I wish u the best for both u and ur friend.
 
ok I must ask. What are common situations she puts herself in to be raped 4 times? I mean that is way high compared to most sexual victims. having low self esteem is one thing but is she seeking the wrong kind of attention? and from the wrong people? I mean being at the wrong place at the wrong time by pure chance and being raped 4 times in less than 25 yrs is pretty crazy. I would imagine some behaviour modification/habits may be in order.


harmonic169 at the same time I am sadden your friend has been through this as nobody male or female should be taken advantage of... Penis EnlargementRIOD! and yes I have actually had a male friend who was literally held down by 2 guys while a female took advantage of him. it flat sucks for anyone to have toi go through it.
 
I know someone mentioned support groups, but I don't know if anyone told specifics.

In my town, and I'm fairly sure it's nationwide, there is a group called Contact Rape Crisis Center. I volunteer for them and it's a great group. They have a hotline that the person can call and it's all confidential, no names are asked for or given. Also, if the rape just happened, they go with the rape victim to the hospital and comfort the victim as they are examined. They are usually listed in the phone book, so you can call them and explain your situation.
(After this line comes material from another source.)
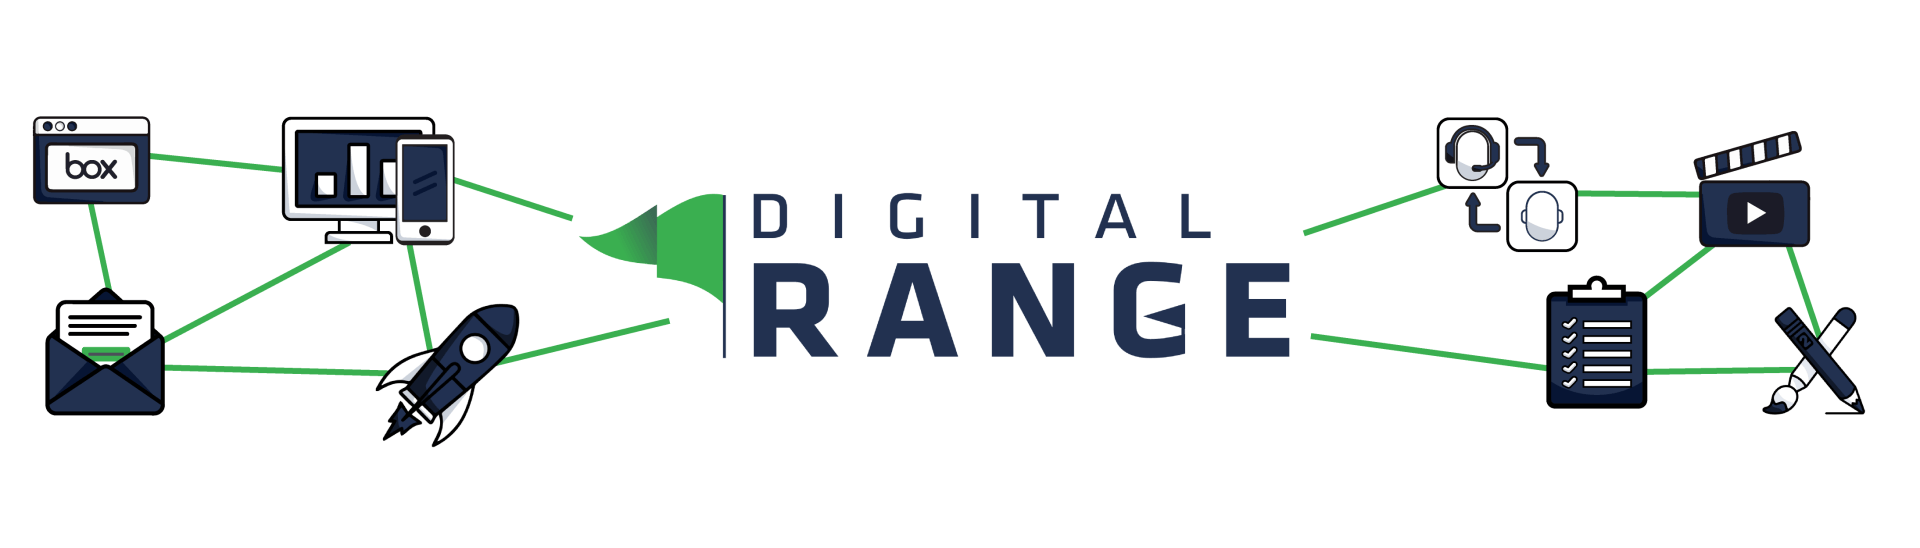 Digital Range - Golf Course Marketing

If you have any specific questions about Contact or need anything, please email me at

musicminor-ity@juno.com

My mom has volunteered with this organization for over 15 years, and my whole family helps this group and their cause. I'm very sorry that this has happened to your friend and I hope that everything works out for the best. Something you can do is just be there for her, and be her friend. You can also go to parties and hang out with her to make her feel safe and make sure nothing happens to her. I have a few girls that I go to parties with so they will be safe, and I also feel good because I know they are safe.


On the same subject, I must warn everyone, both men and women. Date Rape drugs are odorless, tasteless, and barely noticable. All it takes is having your head turned away from your drink for a few seconds. These drugs are used on men as well. Not as much to rape them, though it does happen, but to rob them. I recomend going drinking or to parties with a buddy that always has your back.

Also, this is becoming more prevelent. More and more, Rapist use horse sterilizers as well as the date rape drugs. What this does is it sterilizes the woman that is raped so she can't get pregnant if the rapist doesn't use a condom or it breaks. Keep in mind these are horse sterilizers . They are ment to sterilize horses. This means that the women who this is used on can never reproduce ever again. It destroys her ovaries and she can never have kids again. I just wanted to let everyone know what rapists are doing now, so always, ALWAYS look after your friends and what's going on.